Les écoles de jeu vidéo sont des lieux où le sexisme et la misogynie sont alimentés et rarement questionnés. Le manque de diversité des promotions et l’approche trop souvent technique de ces formations ne permettent pas de mener des réflexions de fond sur le jeu vidéo et des responsabilités de créateurices.
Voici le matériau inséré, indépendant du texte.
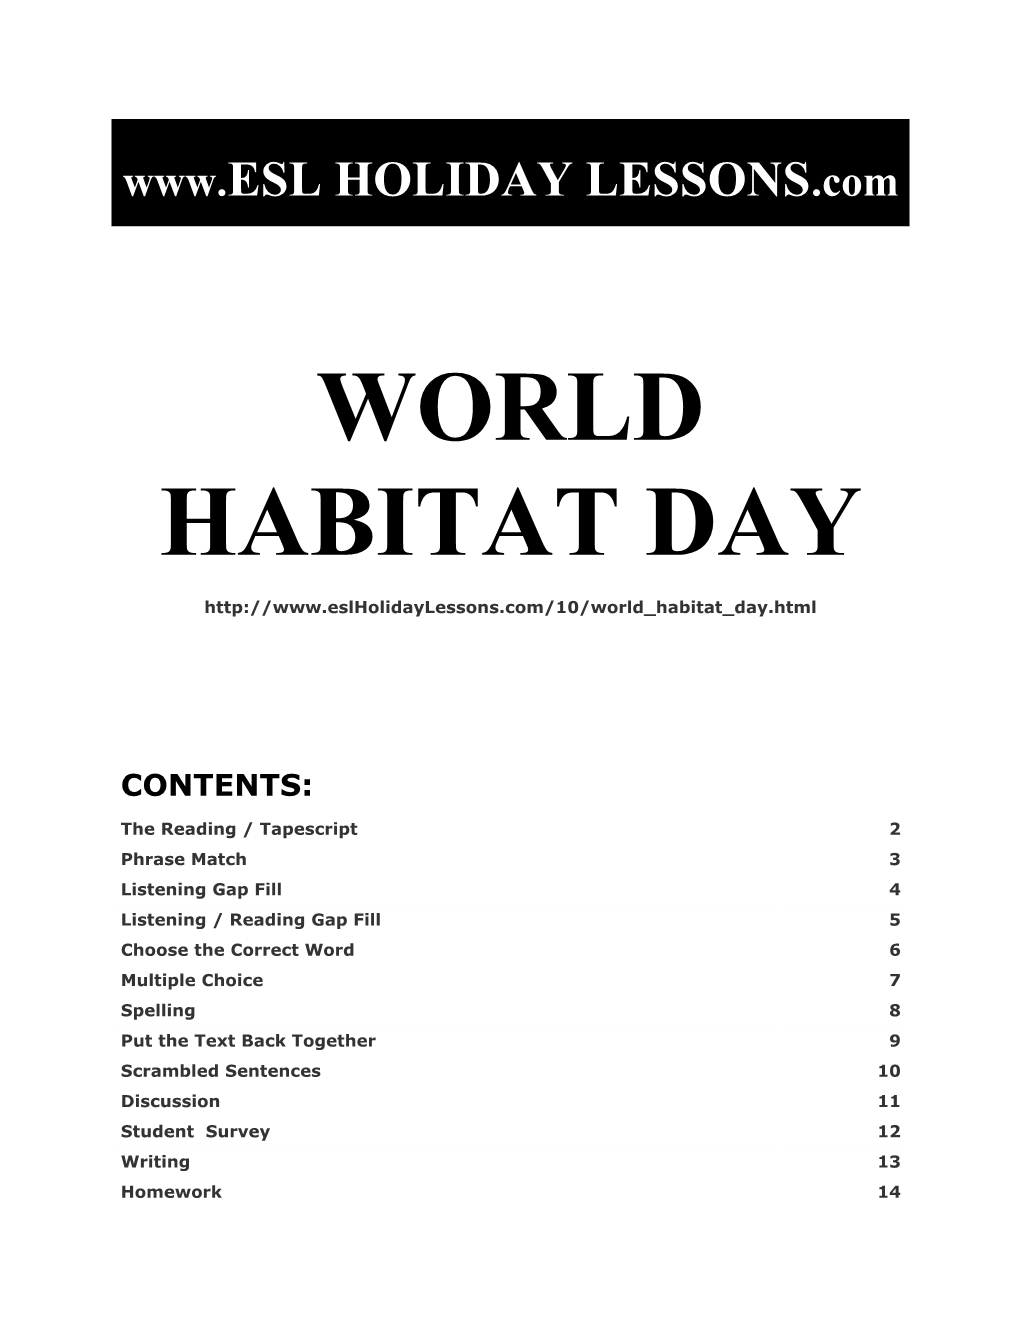 Holiday Lessons - World Habitat Day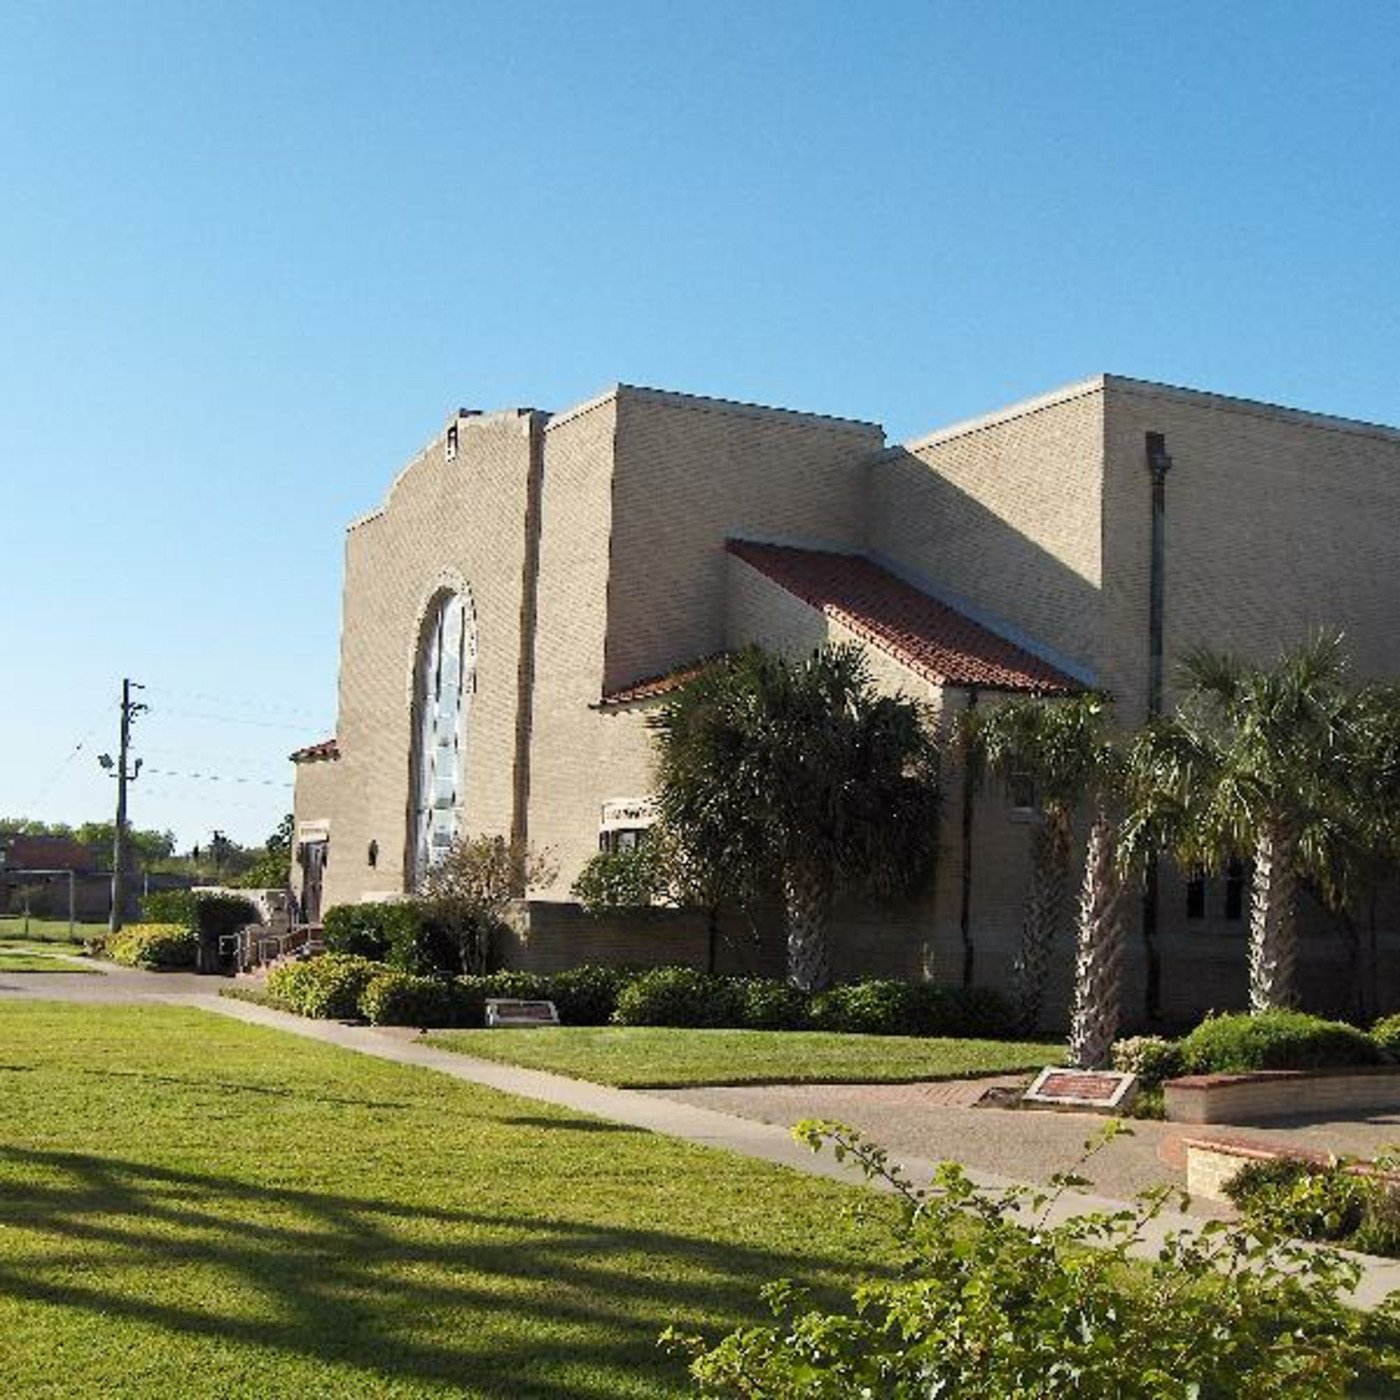 First Baptist Church, Corpus Christi, TX

Pour celleux qui enseignent ou interviennent dans des formations des métiers du jeu vidéo, il est impératif de relier la création de jeu vidéo à d’autres disciplines (histoire, sociologie, sciences politiques…) et de montrer des jeux vidéo expressifs, activistes tout en laissant la place et la liberté pour en faire. 

Une fois que cette conscience anti-masculiniste a été élaborée, il est important de s’exprimer à ce sujet également, être ouvert aux critiques et ne pas craindre d’être perçus comme traîtres à son genre. 

Enfin, éventuellement, il est envisageable de faire des jeux :

  • sur la santé mentale
  • au sujet des autres violences masculines (psychologiques, symboliques, économiques…) 
  • au sujet de grandir “en tant qu’homme”, “comme un homme” au sein de différentes classes sociales
  •  au sujet de la masculinité blanche 
  •  avec ou au sujet de relations sentimentales, amicales saines
  • questionnant l’hétérosexualité

Tous ces jeux doivent être faits avec empathie et altruisme, et inclure d’autres catégories de personnes et comment cela les affecte. Les hommes ne doivent pas produire des jeux sur leurs histoires seulement pour leur bien être. Ces jeux au sujet de la domination masculine ne doivent pas être utilisés comme des outils thérapeutiques et ainsi écarter les personnes opprimées. Ils doivent permettre de montrer les masculinités et les réalités de la domination afin de mieux les comprendre et les déconstruire.